REQUIRED ACTION
Beginning with the line that includes "Black & Decker", return every remaining line of the material exactly as it reads, but not the pictures.

SOURCE MATERIAL
.....

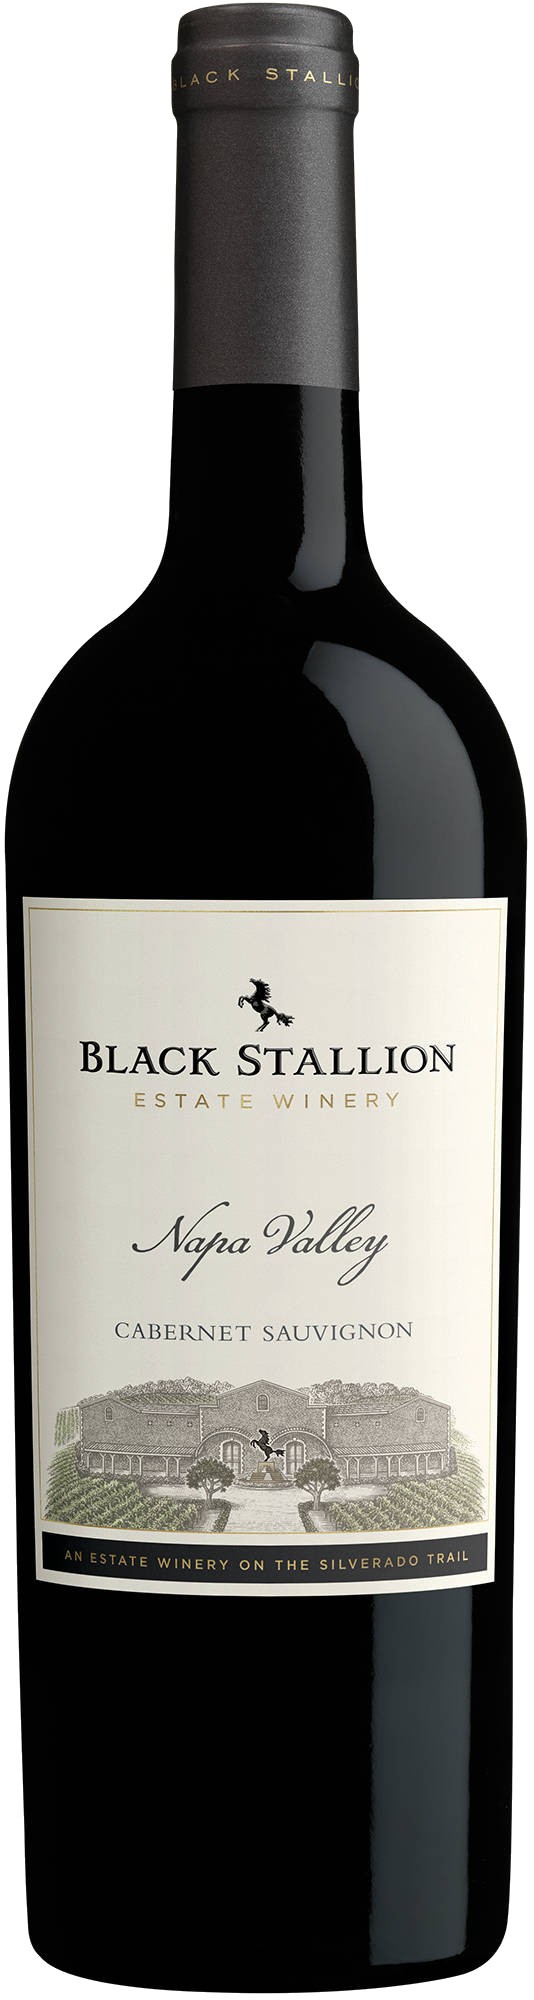 images/wine/Red Wine/Black Stallion Cabernet Sauvignon .jpg
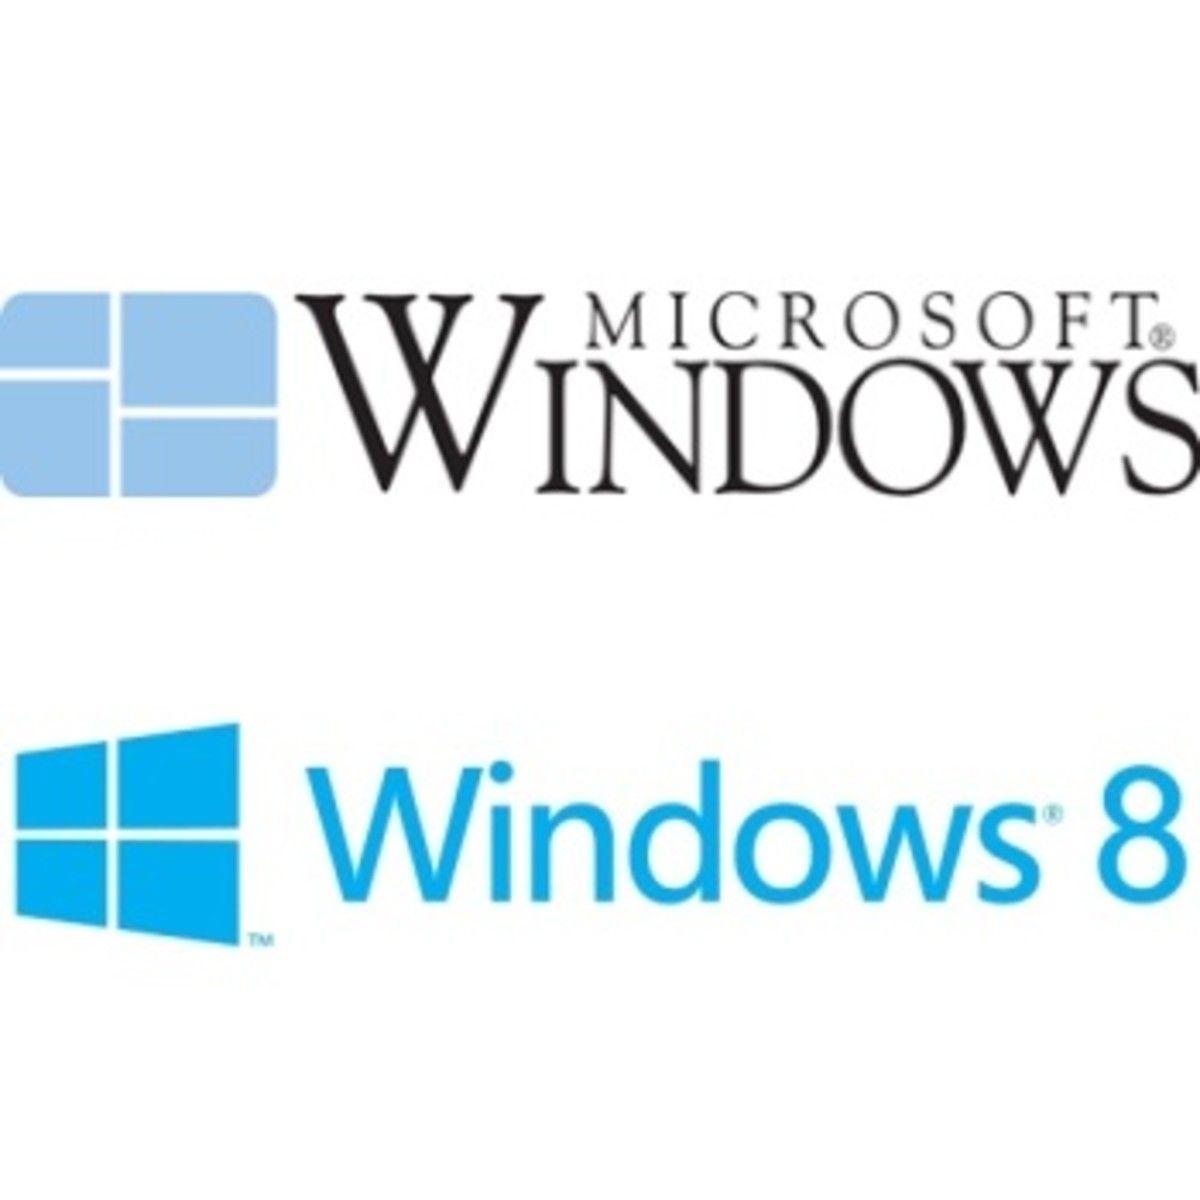 Windows 3.1 Logo - Microsoft unveils Windows 8 logo
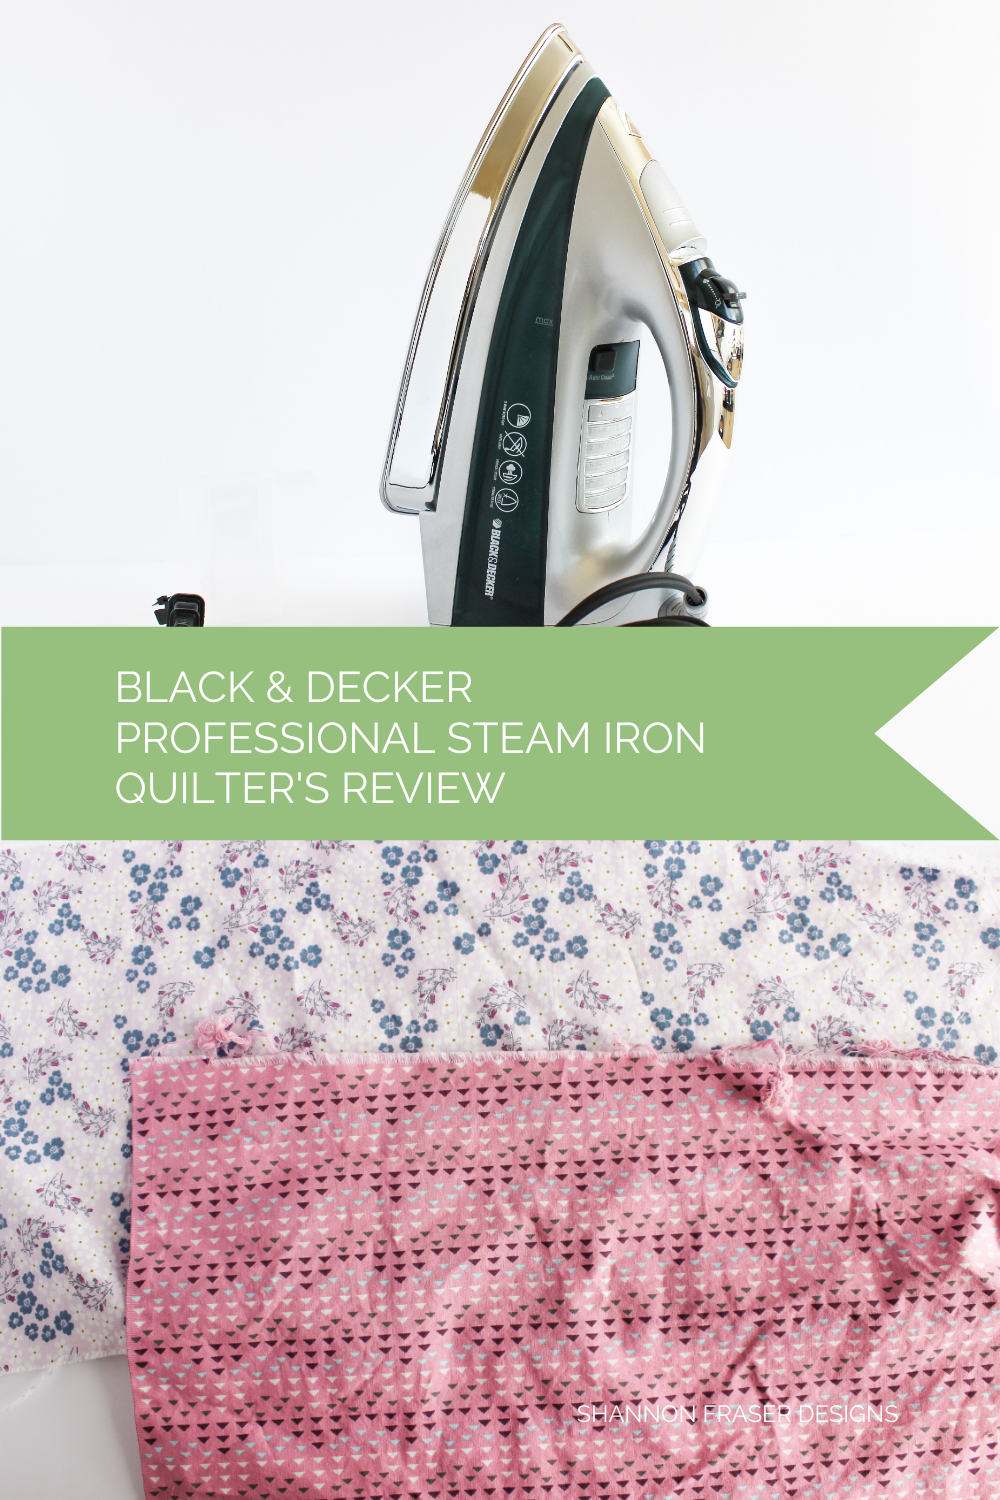 Black & Decker Professional Steam Iron Review – Shannon Fraser Designs
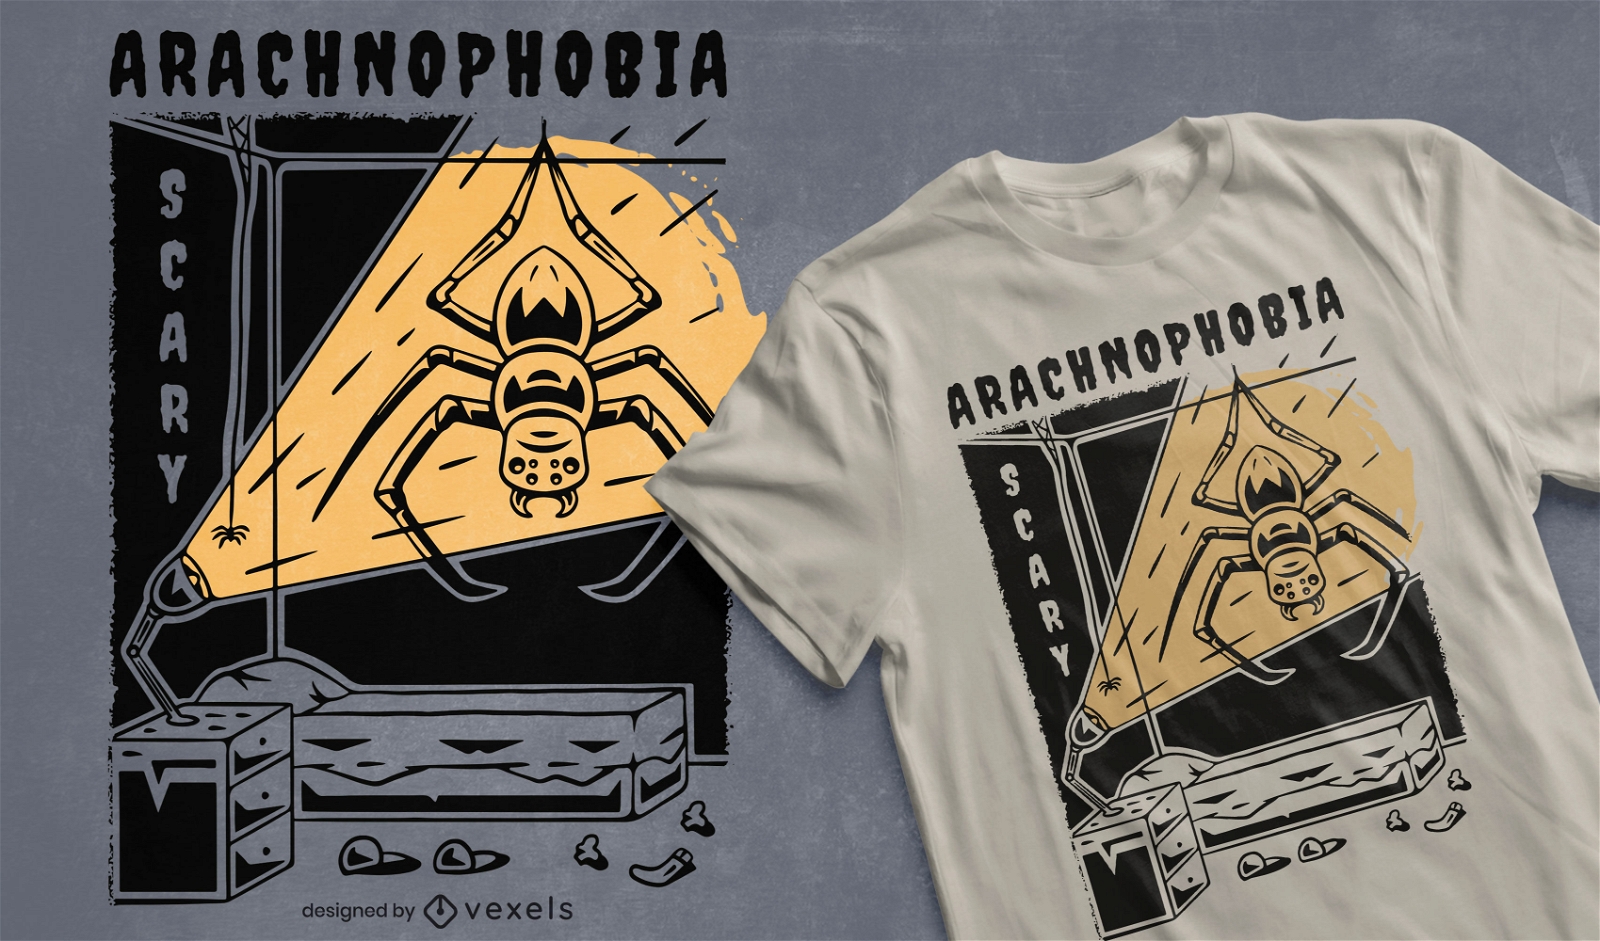 Gruseliges Arachnophobie-T-Shirt-Design

.....

ANSWER TO THIS TASK
 Black & Decker Professional Steam Iron Review – Shannon Fraser Designs
 Gruseliges Arachnophobie-T-Shirt-Design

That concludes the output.